Deep Zone Project is a Bulgarian house/electro band formed in 1998 by DJ Dian Solo, JuraTone and Rossko. They are most famous for their collaboration with DJ Balthazar, representing Bulgaria at the Eurovision Song Contest 2008 with the song "DJ, Take Me Away". The band has released five albums and has had a number of successful singles on the Bulgarian charts and has won many national and international awards. Their vocalist until early 2011 was Yoanna Dragneva; after leaving for a solo career, she was replaced by Nadia.

Formation
Deep Zone Project was formed in 1998 by three musicians, DJs and studio engineers. They were DJ Dian Solo (Dian Savov), JuraTone (Lyubomir Savov, Dian's father) and Rossko (Rosen Stoev).

DJ Dian was an accomplished musician who played the piano, saxophone, electric guitar and bass. In 1993, he had started as a DJ and in 1998 was selected "Best DJ of the Year". JuraTone was a multi-instrumentalist born in 1953 who played the flute, banjo, guitar, and had been part of many Bulgarian and European rock formations for 15 years and founder of his own recording studio. For vocals they included Joanna (born 1986, full name Yoanna Dragneva) as a founding member.
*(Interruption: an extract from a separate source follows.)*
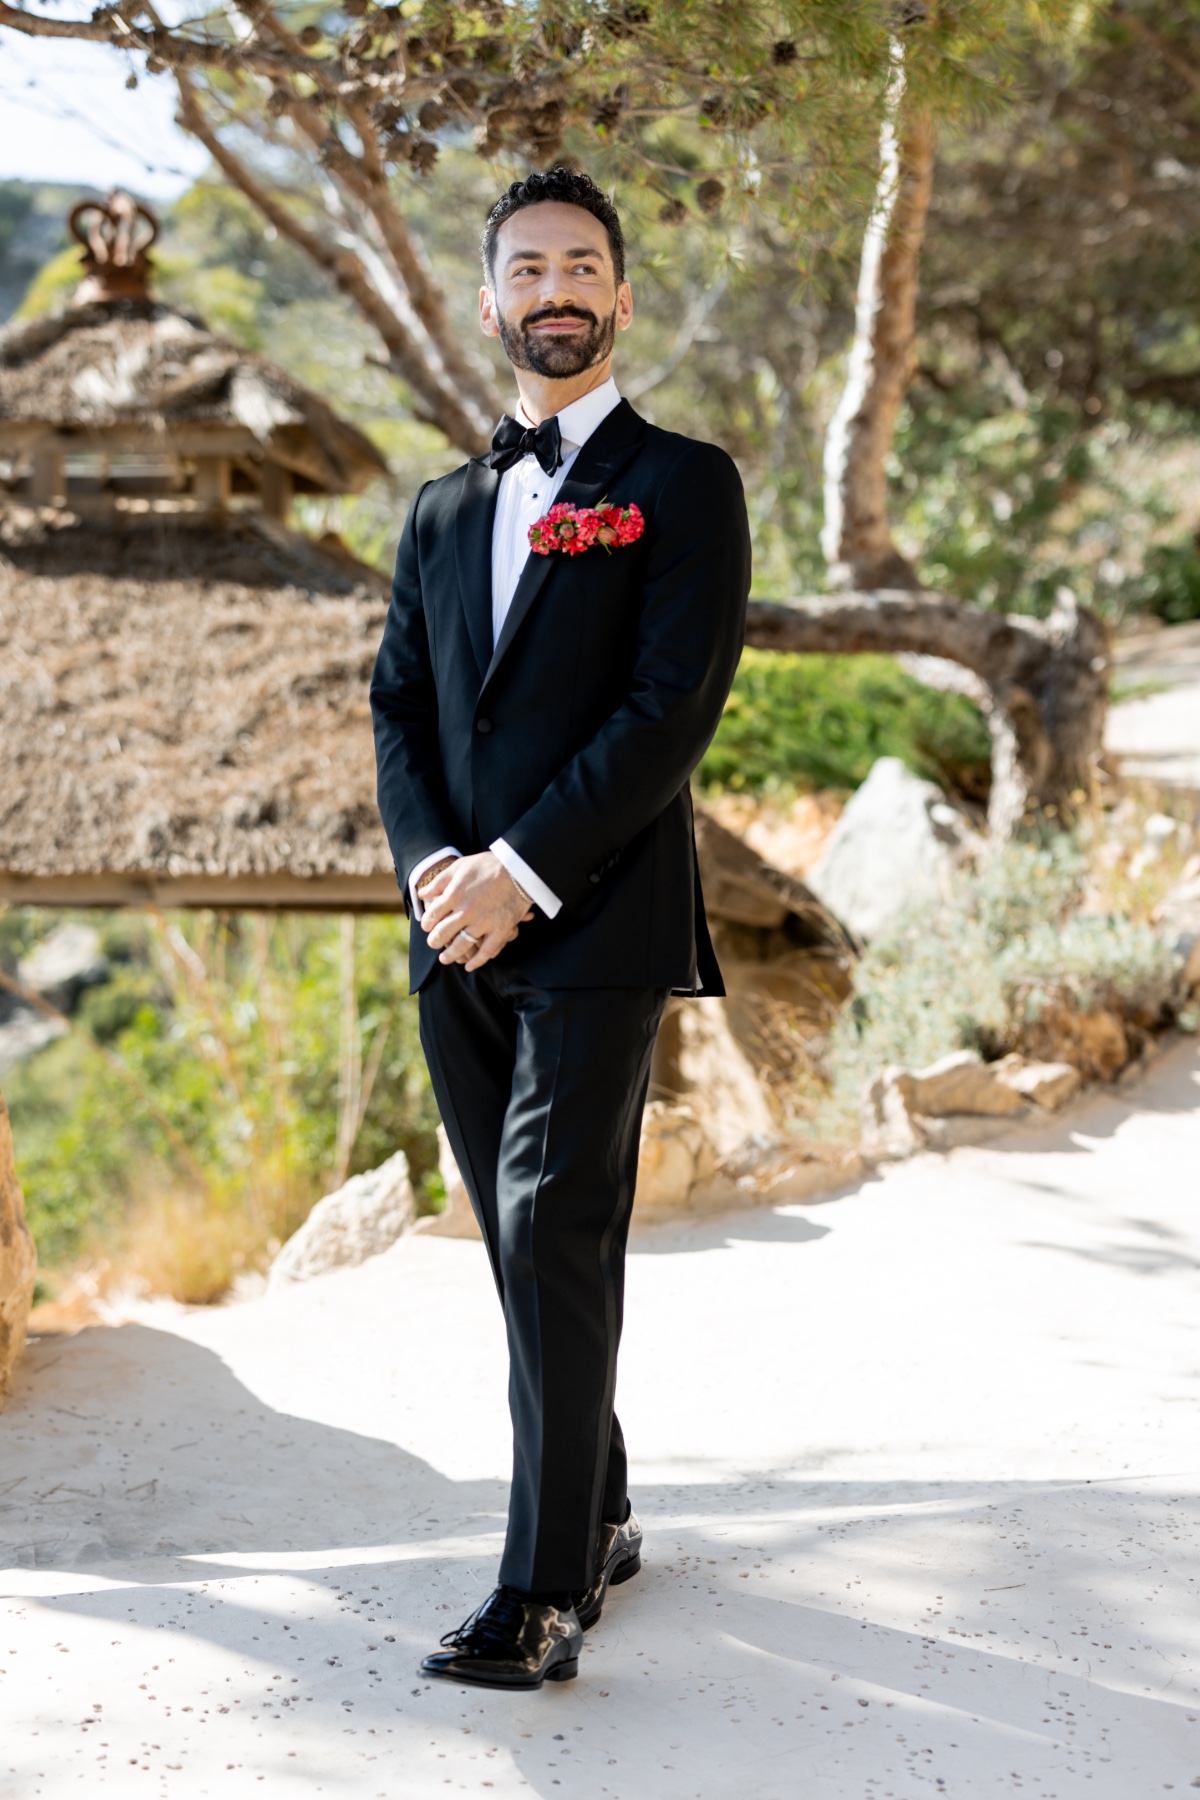 Fashionable LGBTQ groom in tailored tuxedo in Ibiza 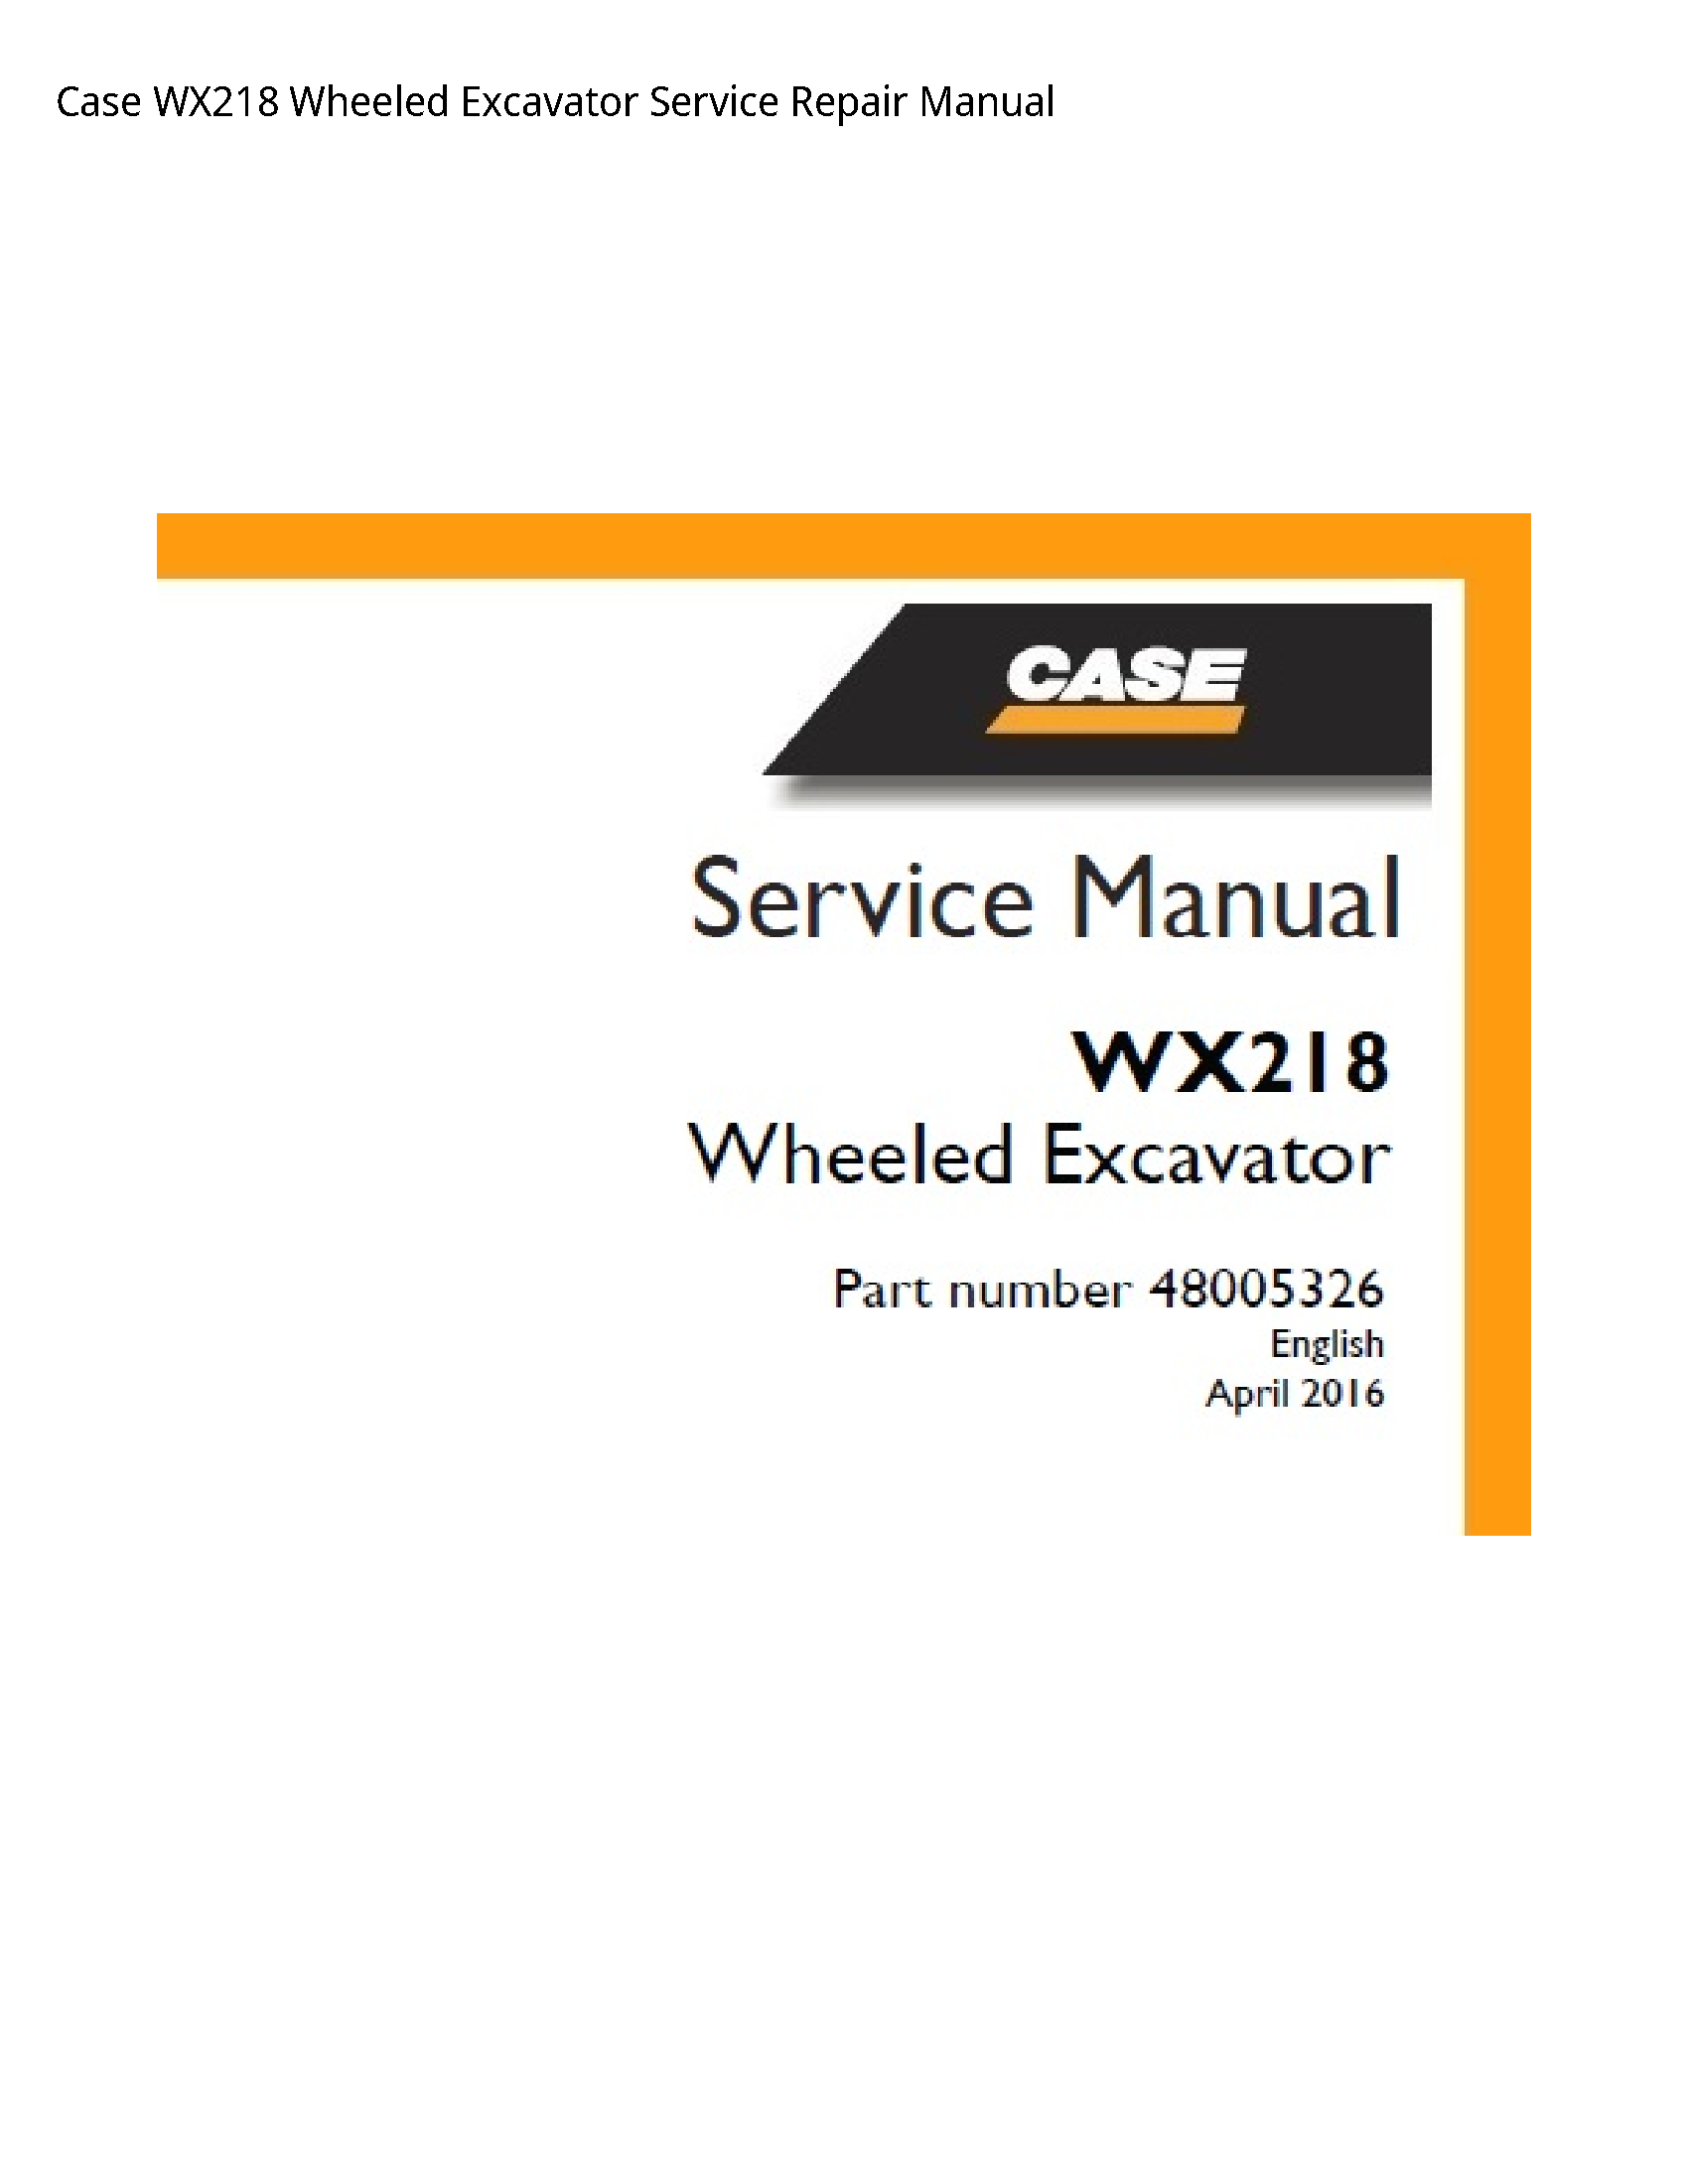 Case/Case IH WX218 Wheeled Excavator manual

She used to be in the vocal Bulgarian group Bon-Bon (in Bulgarian Бон-бон) presenting children shows on television and later co-hosting Hello and Melo TV Mania shows.

Career
After the release of their debut album Ela Izgrei in 2002, Deep Zone Project were nominated in five categories at the 2002 MM TV Music Awards. They won the award for "Best Song". In 2003, they won "Best Club Track of the Year" at the MM TV Awards Ceremony for their track "Caffeine-free".

Their hit "DJ, Take Me Away" reached the number 2 position at MTV Europe's World Chart Express and won the Bulgarian Eurovision 2008 song contest selection process. At the Eurovision semi-finals, however, the song finished 12th and did not make it to the finals.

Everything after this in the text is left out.